Giant Tunneling Magnetoresistance in Spin-Filter van der Waals Heterostructures

TL;DR

This paper reports record-high tunneling magnetoresistance in van der Waals heterostructures using atomically thin CrI3 as a spin-filter barrier, enabling multi-bit magnetic memory functionalities at low temperatures.

Contribution

It introduces novel spin-filter magnetic tunnel junctions with CrI3 in van der Waals heterostructures, achieving unprecedented magnetoresistance and multi-resistance states.

Findings

Record 19,000% magnetoresistance at low temperatures.

Multiple resistance states suggest multi-bit memory potential.

CrI3's antiferromagnetic ordering enables high-performance spin filtering.

Abstract

Magnetic multilayer devices that exploit magnetoresistance are the backbone of magnetic sensing and data storage technologies. Here we report novel multiple-spin-filter magnetic tunnel junctions (sf-MTJs) based on van der Waals (vdW) heterostructures in which atomically thin chromium triiodide (CrI3) acts as a spin-filter tunnel barrier sandwiched between graphene contacts. We demonstrate tunneling magnetoresistance which is drastically enhanced with increasing CrI3 layer thickness, reaching a record 19,000% for magnetic multilayer structures using four-layer sf-MTJs at low temperatures.

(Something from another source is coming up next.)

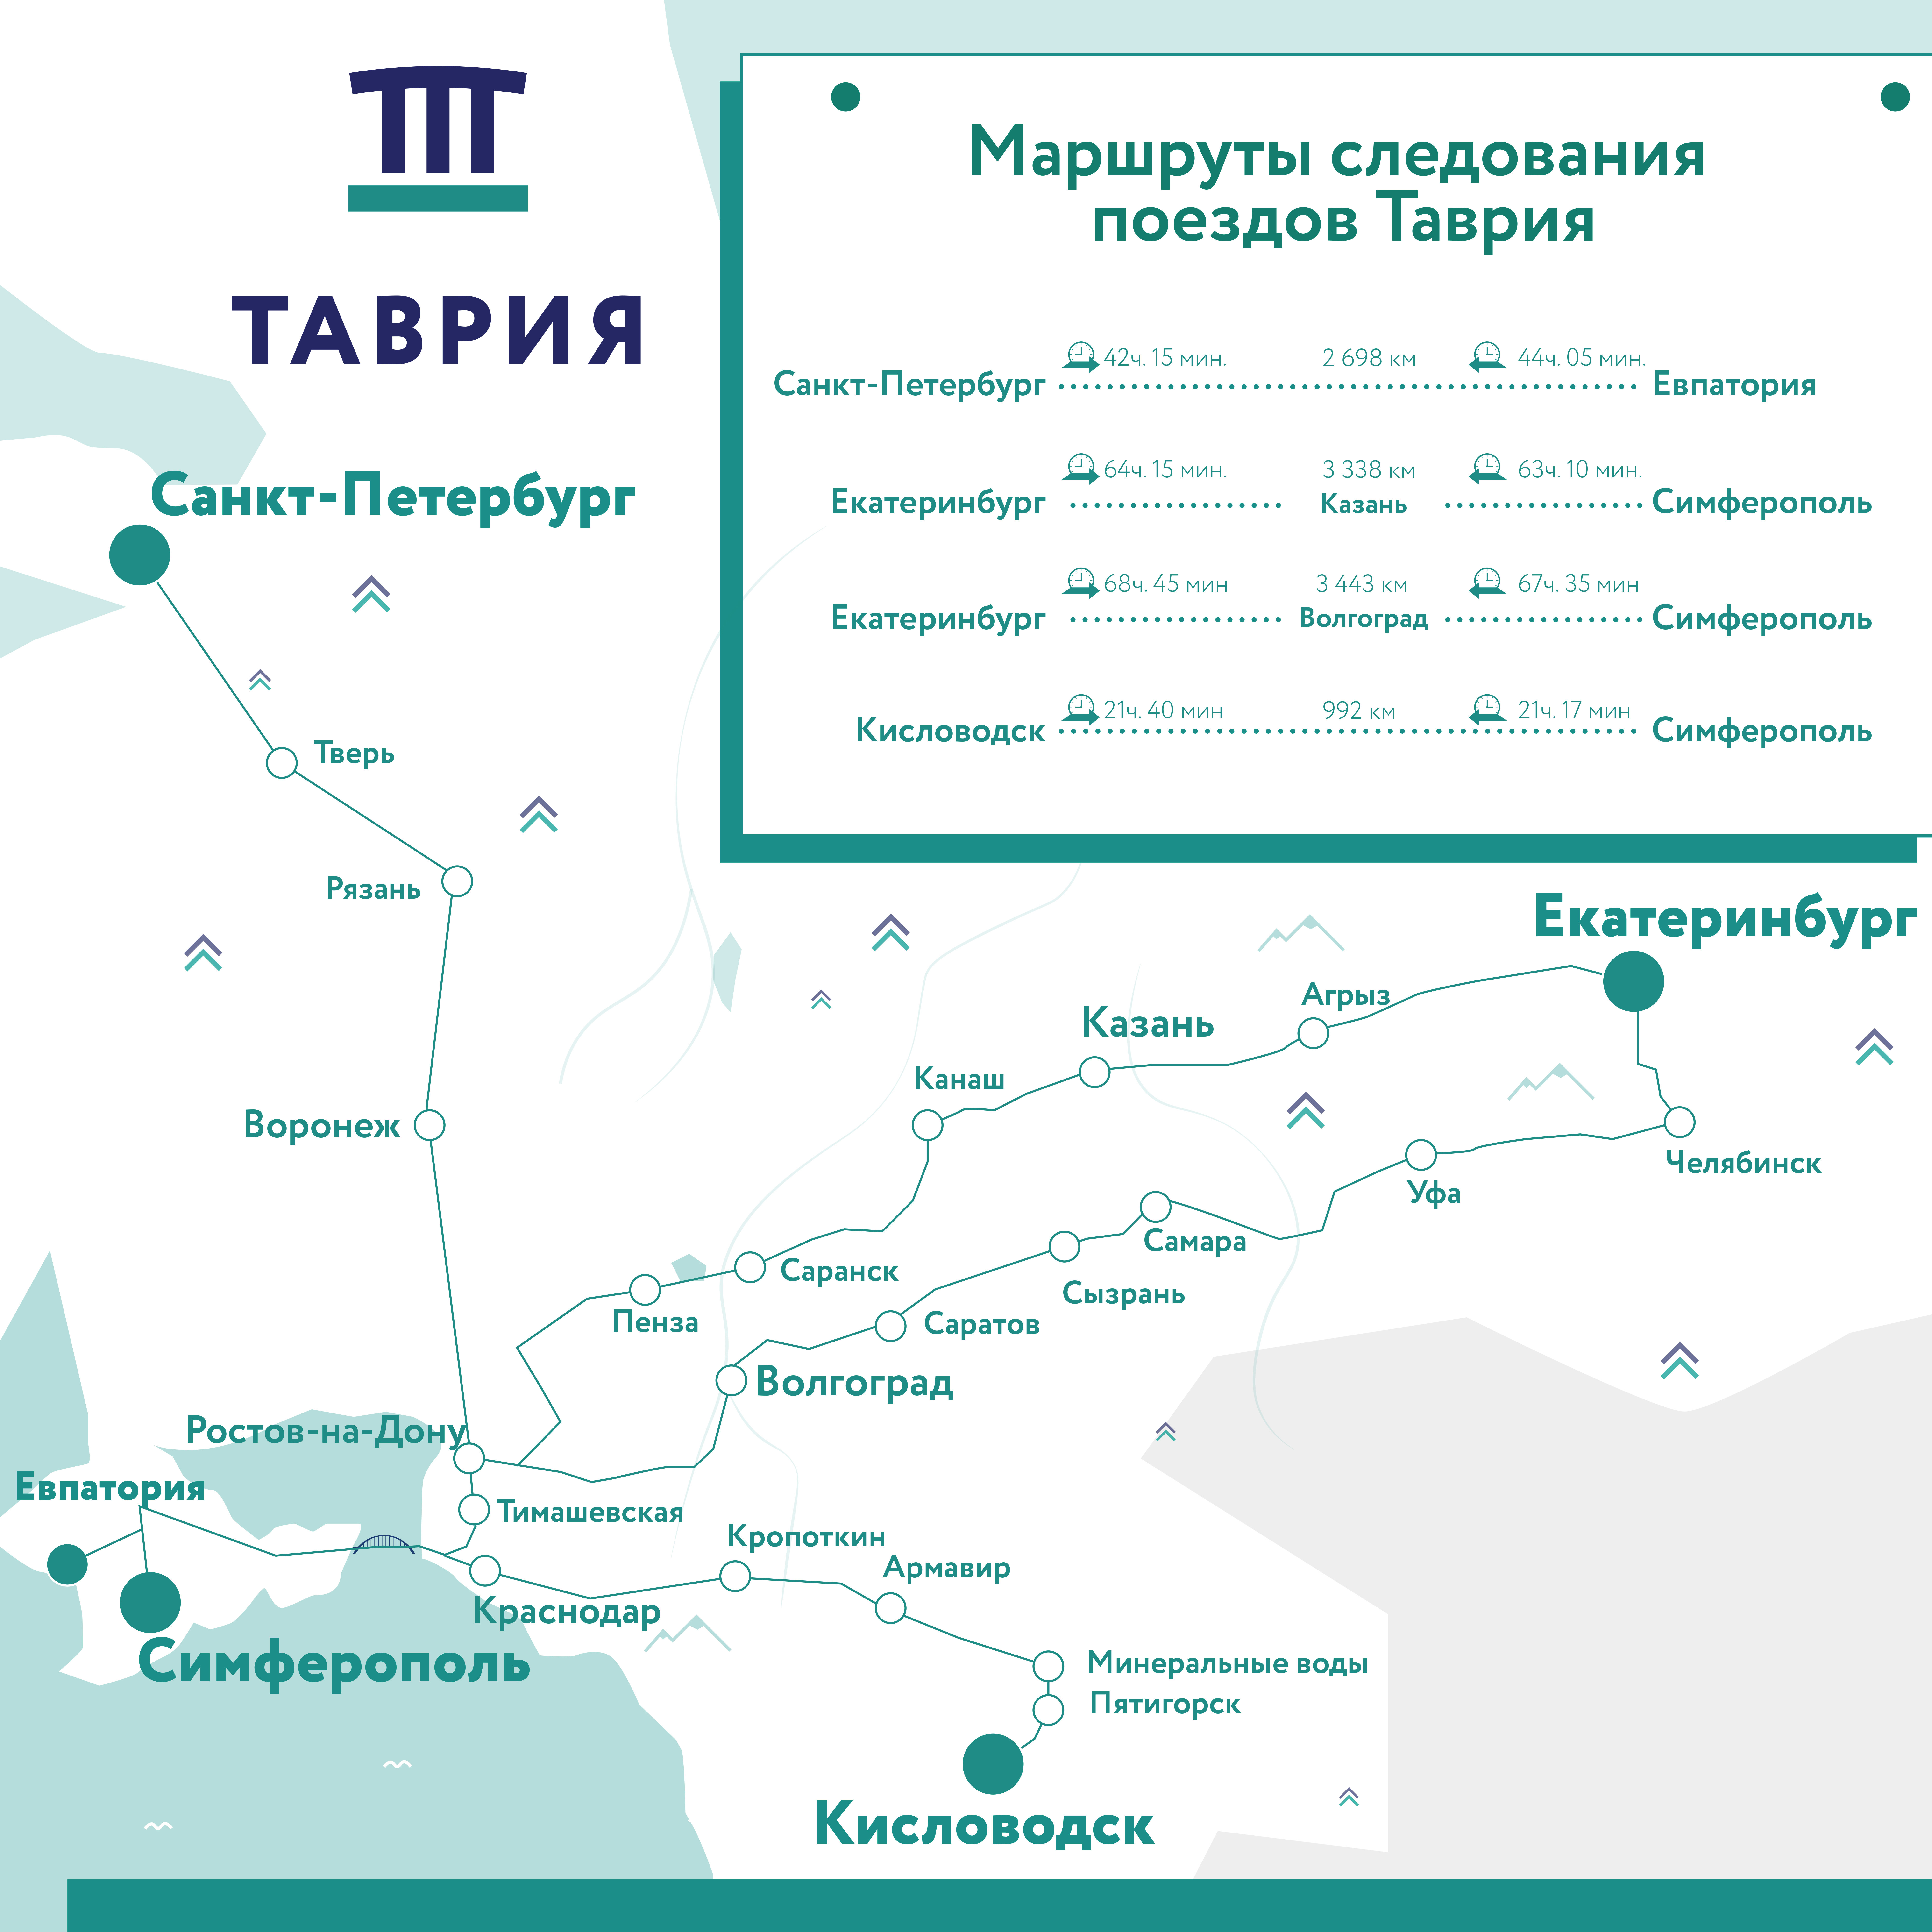 Маршруты следования поездов «Таврия» в Крым из Екатеринбурга, Санкт-Петербурга и Кисловодска

These devices also show multiple resistance states as a function of magnetic field, suggesting the potential for multi-bit functionalities using an individual vdW sf-MTJ. Using magnetic circular dichroism measurements, we attribute these effects to the intrinsic layer-by-layer antiferromagnetic ordering of the atomically thin CrI3. Our work reveals the possibility to push magnetic information storage to the atomically thin limit, and highlights CrI3 as a superlative magnetic tunnel barrier for vdW heterostructure spintronic devices.